Let $T: \mathbb{R}^3 \to \mathbb{R}^3$ be defined by $T(v)=\begin{pmatrix} 2 & -1 & 1 \\ -3 & 4 & -5 \\ -3 & 3 & -4 \end{pmatrix}v.$ Determine the minimal polynomial of $T$ with respect to $\begin{pmatrix} 0 \\ 0 \\ 1 \end{pmatrix}.$
$T(v)= \begin{pmatrix} 2 & -1 & 1 \\ -3 & 4 & -5 \\ -3 & 3 & -4 \end{pmatrix} \begin{pmatrix} 0 \\ 0 \\ 1 \end{pmatrix} = \begin{pmatrix} 1 \\ -5 \\ -4 \end{pmatrix}$
$T^2(v)= \begin{pmatrix} 2 & -1 & 1 \\ -3 & 4 & -5 \\ -3 & 3 & -4 \end{pmatrix} \begin{pmatrix} 1 \\ -5 \\ -4 \end{pmatrix} = \begin{pmatrix} 3 \\ -3 \\ -2 \end{pmatrix}$
$T^3(v)= \begin{pmatrix} 2 & -1 & 1 \\ -3 & 4 & -5 \\ -3 & 3 & -4 \end{pmatrix} \begin{pmatrix} 3 \\ -3 \\ -2 \end{pmatrix} = \begin{pmatrix} 7 \\ -11 \\ -10 \end{pmatrix}$
The corresponding matrix is $A = (v,T(v),T^2(v),T^3(v))= \begin{pmatrix} 0 & 1 & 3 & 7 \\ 0 & -5 & -3 & - 11 \\ 1 & -4 & -2 & -10 \end{pmatrix}$
After row reducing this matrix, we obtain $ \begin{pmatrix} 1 & 0 & 0 & -2 \\ 0 & 1 & 0 & 1\\ 0 & 0 & 1 & 2 \end{pmatrix}$, and so $\text{null}(A) = \text{span} \left\{\begin{pmatrix} 0 \\ 0 \\ 1 \\ 0 \end{pmatrix}, \begin{pmatrix} 2 \\ -1 \\ 0 \\ 1 \end{pmatrix} \right\}.$ From this we obtain polynomials $f(x) = x^2$ and $g(x) = x^3-x-2$ and since $\deg f(x) < \deg g(x),$ $x^2$ is the minimal polynomial.
The back of my book says the minimal polynomial is $x^2-3x+2.$ What am I doing wrong?
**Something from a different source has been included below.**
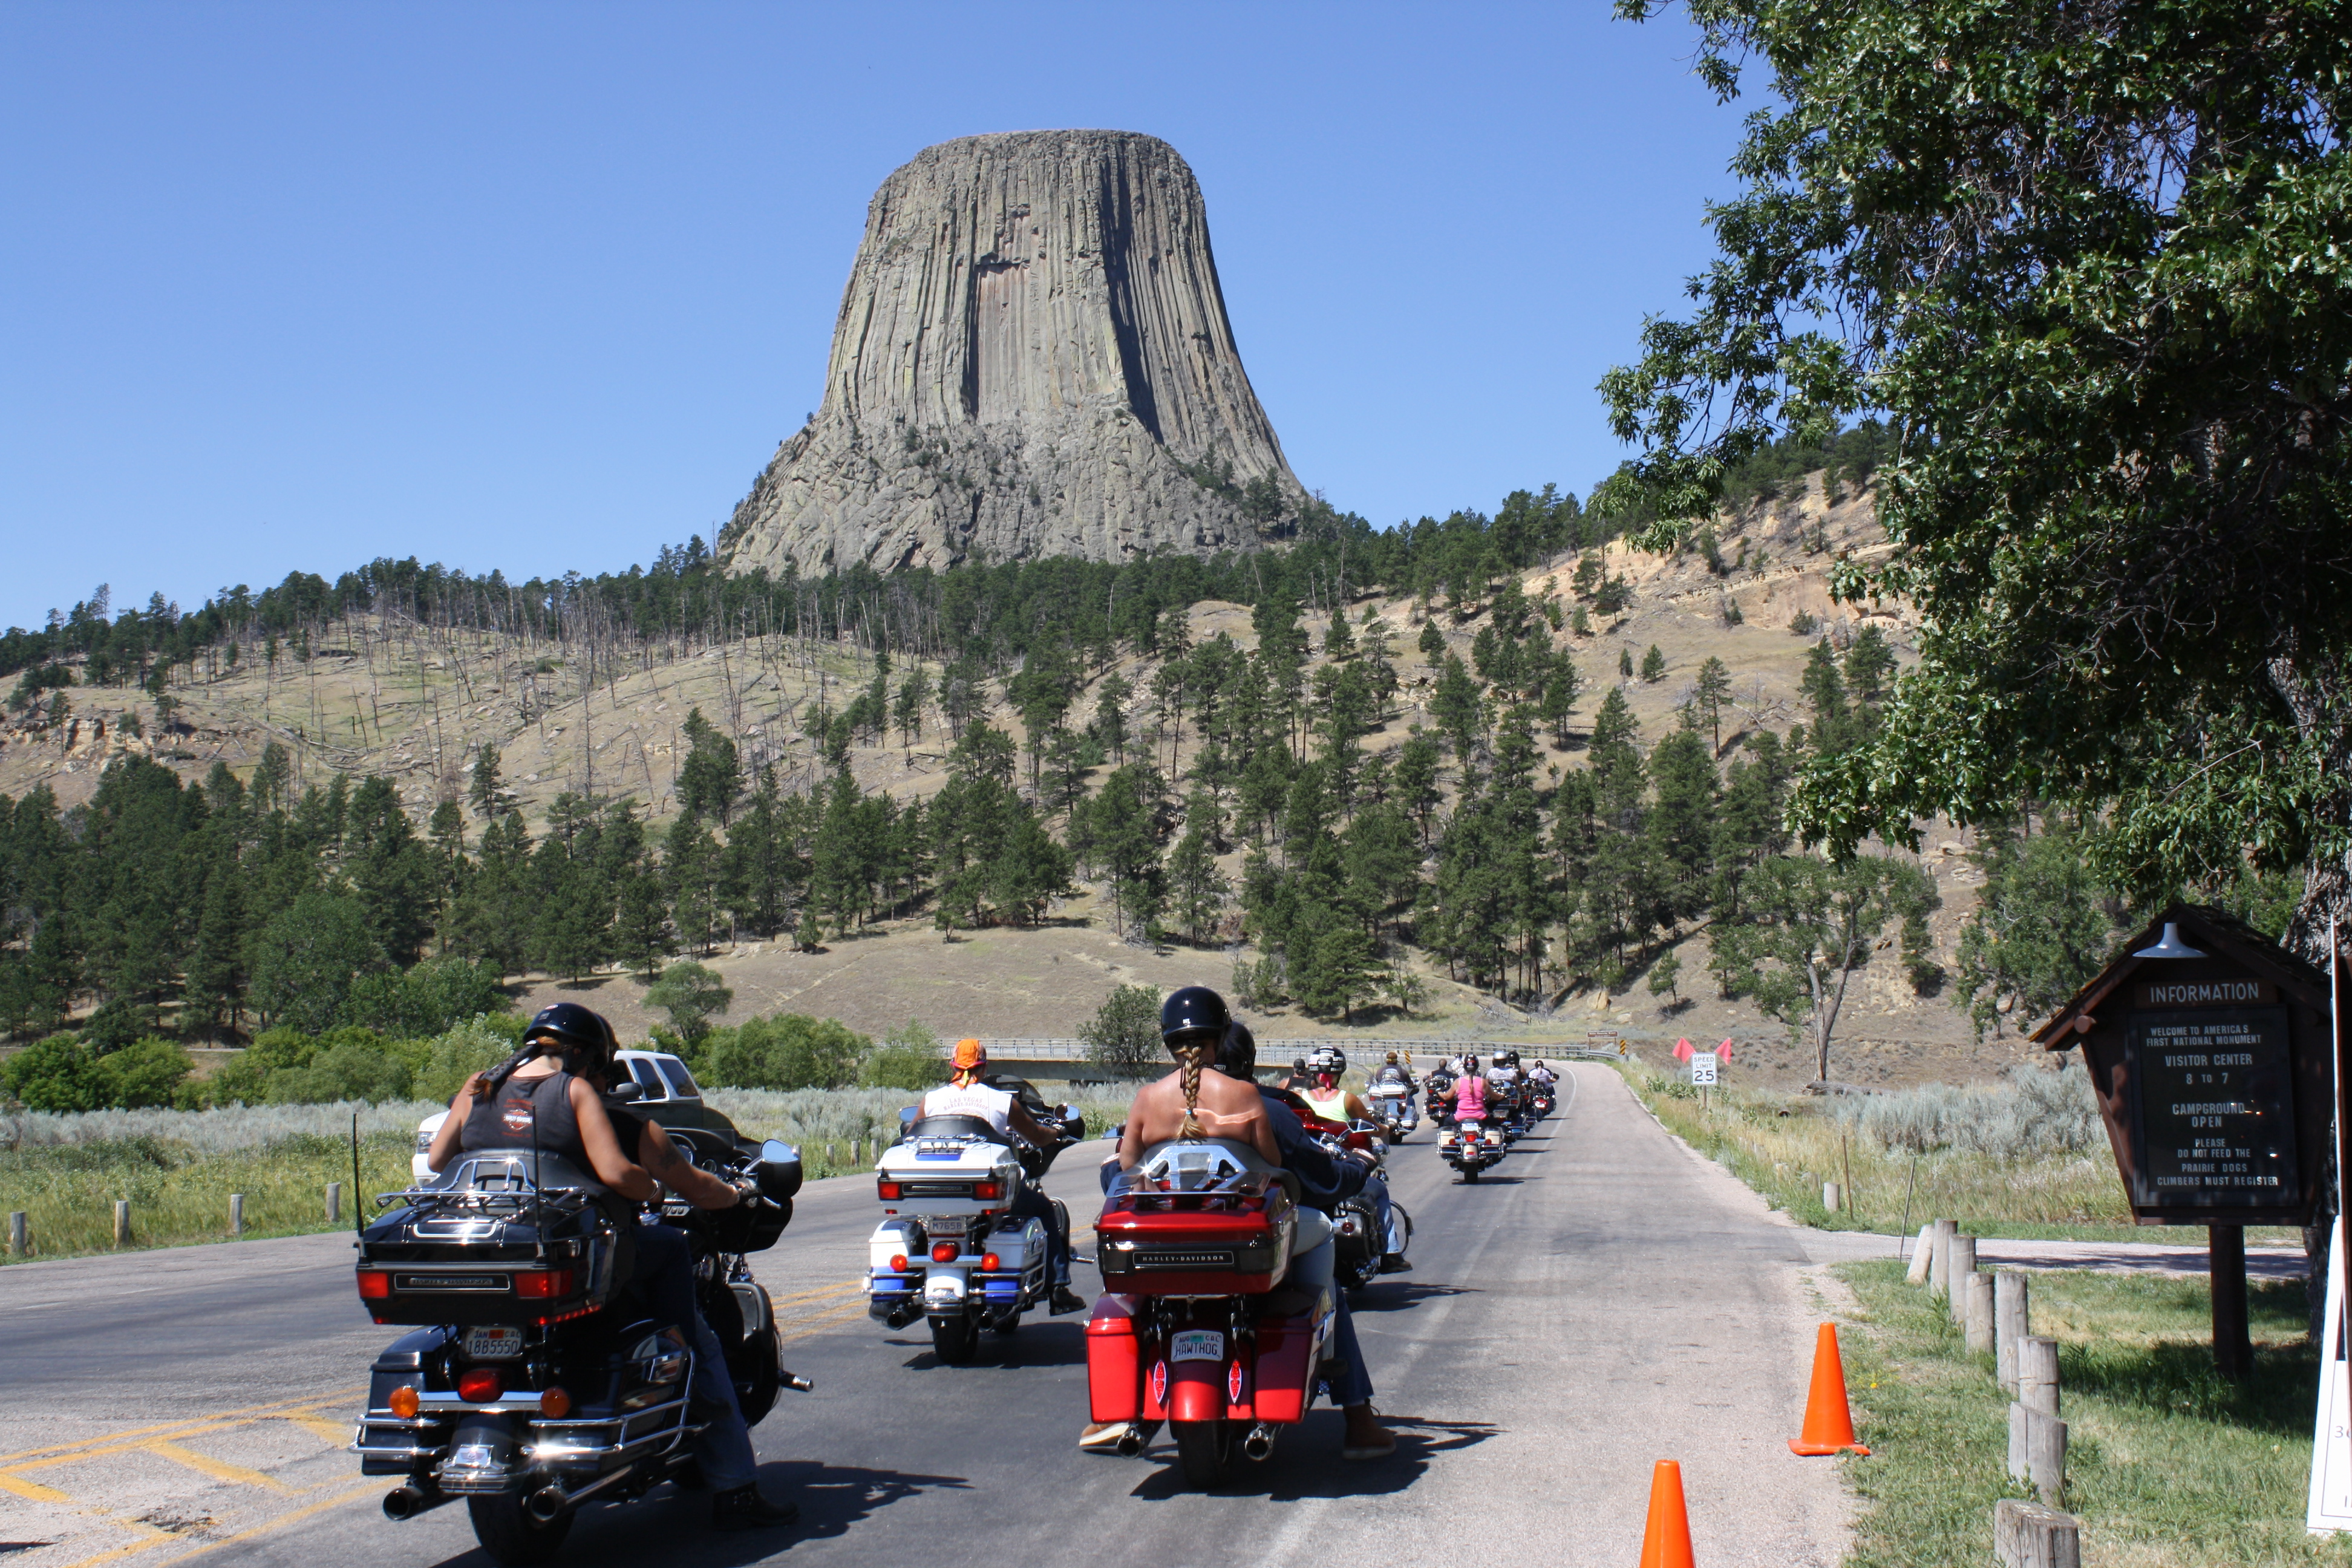 Motorcycles at entrance to Devils Tower
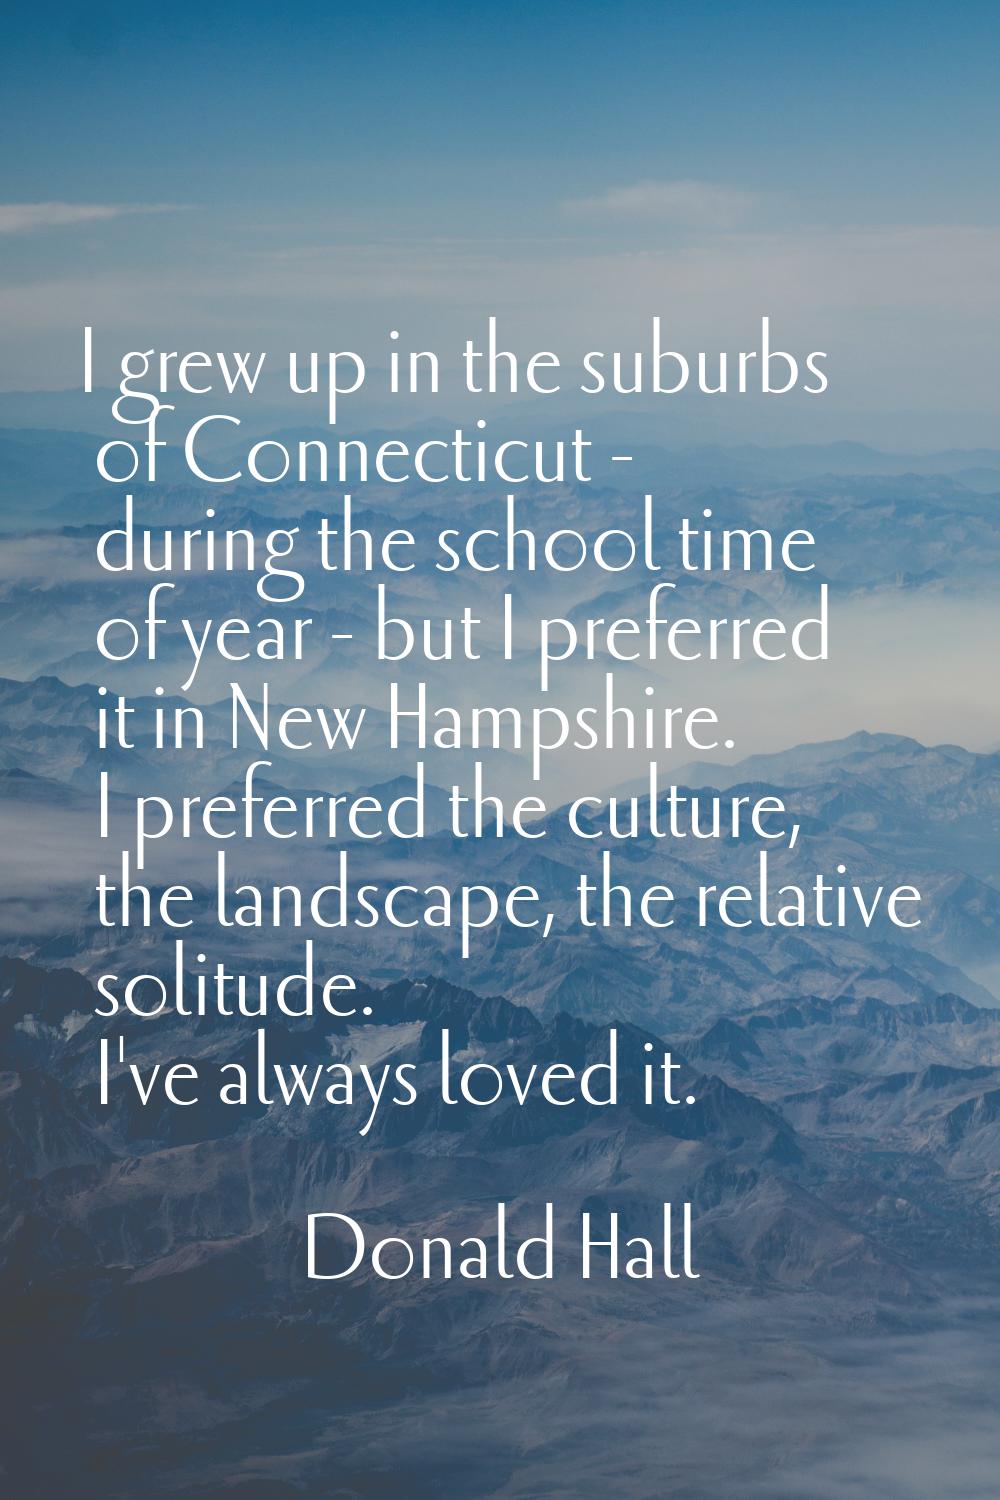 I grew up in the suburbs of Connecticut - during the school time of year - but I preferred it in Ne

I assume it is an arithmetical error, but I redid everything and got the same answer...
You got the nullspace of $A$ wrong. It is one-dimensional, since the rank of $A$ is $3$. The row-reduced form that you have indicates that the first three columns are linearly independent, and the fourth one is a certain linear combination of them. This yields $$ \operatorname{null}(A) = \operatorname{span}( (2,-1,-2,1)^t) $$ and the minimal polynomial of $v$ is $$p(x) = x^3-2x^2-x+2$$
Being of the same degree as the order of the matrix, this is also its minimal polynomial, and characteristic polynomial.
I don't know where the book's answer comes from: it's easy to check that $T^2v-3Tv+2v\ne 0$.